Spearman's rank correlation coefficient (rho) was used to measure the relationship between the test variables and NSI symptoms (CORR function in MATLAB); see Table 8.
Results
Comparison to normative OVRT-C ranges
In this study, we examined the hypothesis that OVRT-C test responses are reliable neurological biomarkers that can be used in the identification and evaluation of post-COVID/PASC patients. Using a clinical (FDA-approved) database of normative OVRT-C values (34, 35) we tested the specific hypothesis that in this population, multiple OVRT-C measures will fall outside established normative ranges.
For each test in our protocol, we identified which subjects had abnormal (outside normative ranges) responses to one or more variables within that test. Figure 1 displays a summary of these abnormality percentages within Cohort 1 (non-athletes), Cohort 2 (athletes), and overall (pooled data). As the figure shows, OVRT-C abnormalities were distributed relatively evenly between the two cohorts. Some tests presented clear challenges for subjects of either cohort. For instance, over half of Cohort 1 and Cohort 2 had impaired (outside norms) performance on the high-speed optokinetic test.

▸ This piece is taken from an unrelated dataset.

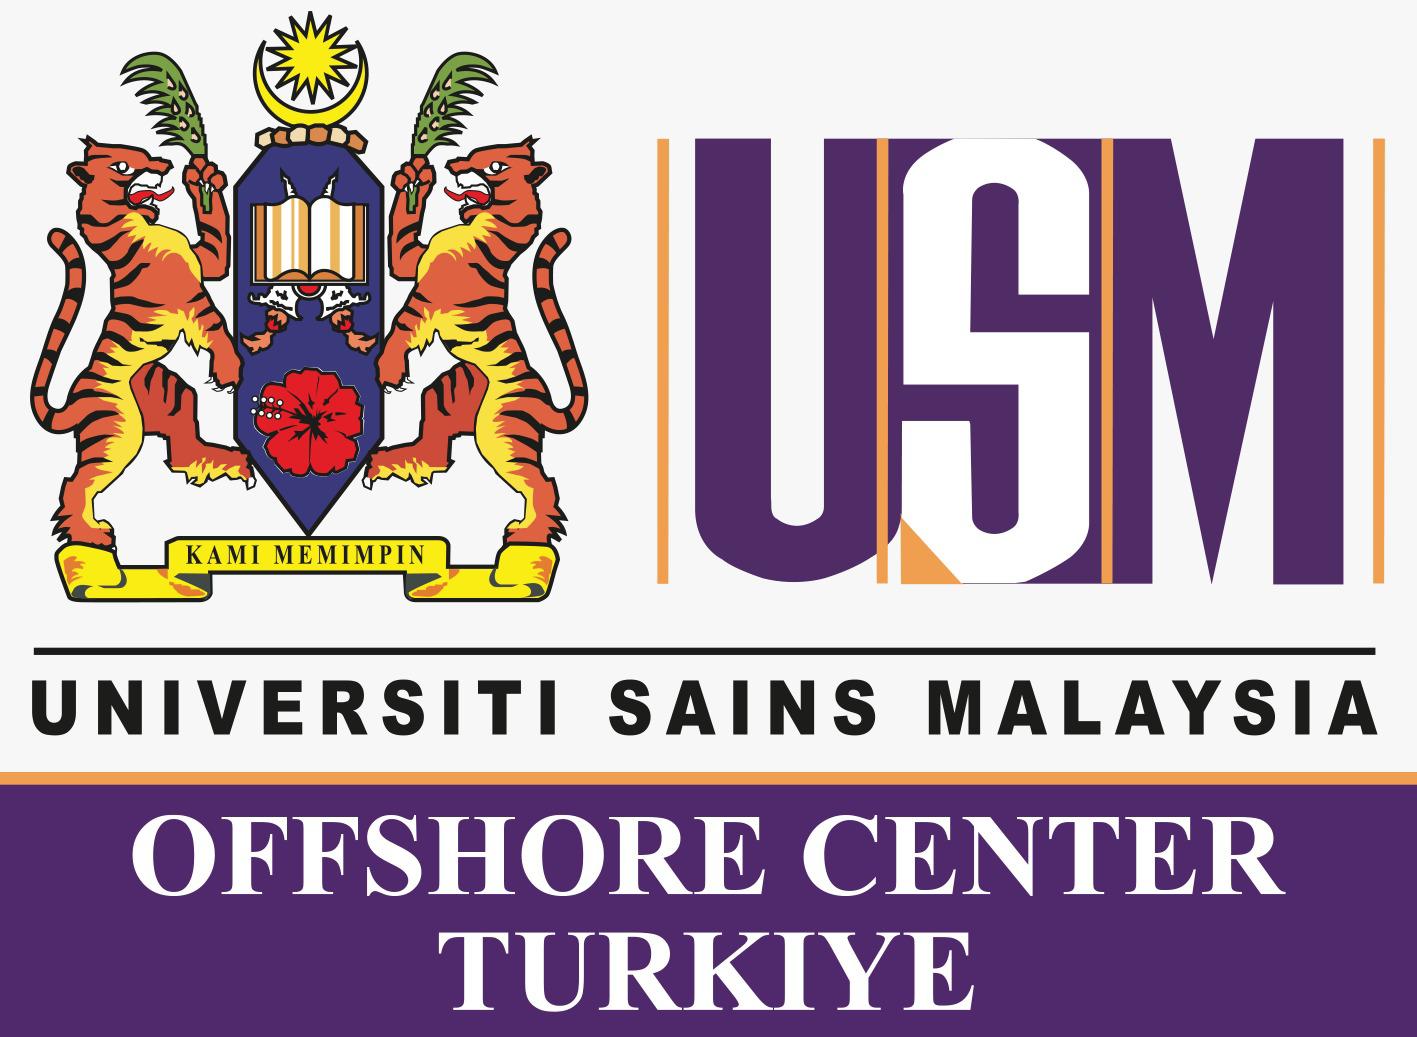 شركة المجموعة الأوروبية الدولية وكيل جامعة USM الماليزية

As both cohorts showed deficits, we first evaluated whether there were differences between these two cohorts (Table 4). We found that many metrics were not significantly different (60 out of 68), with the exception of several metrics: overall mean error in the SVV test, saccade latency in all saccade tests, mean inward correlation in the vergence test, clockwise and mean area under the fit in the OKN 20deg/s test, and average gain in the OKN 60 deg/s test. Based on the lack of significant differences, we pooled the two cohorts to further evaluate the deficits by comparing them to normative data. This allowed us to increase the sample size to 77 for a more robust comparison with the 300 controls included in the normative data.
We further examined the individual variables making up each test in more detail in order to highlight where performance difficulties arose (Figure 2, Table 5).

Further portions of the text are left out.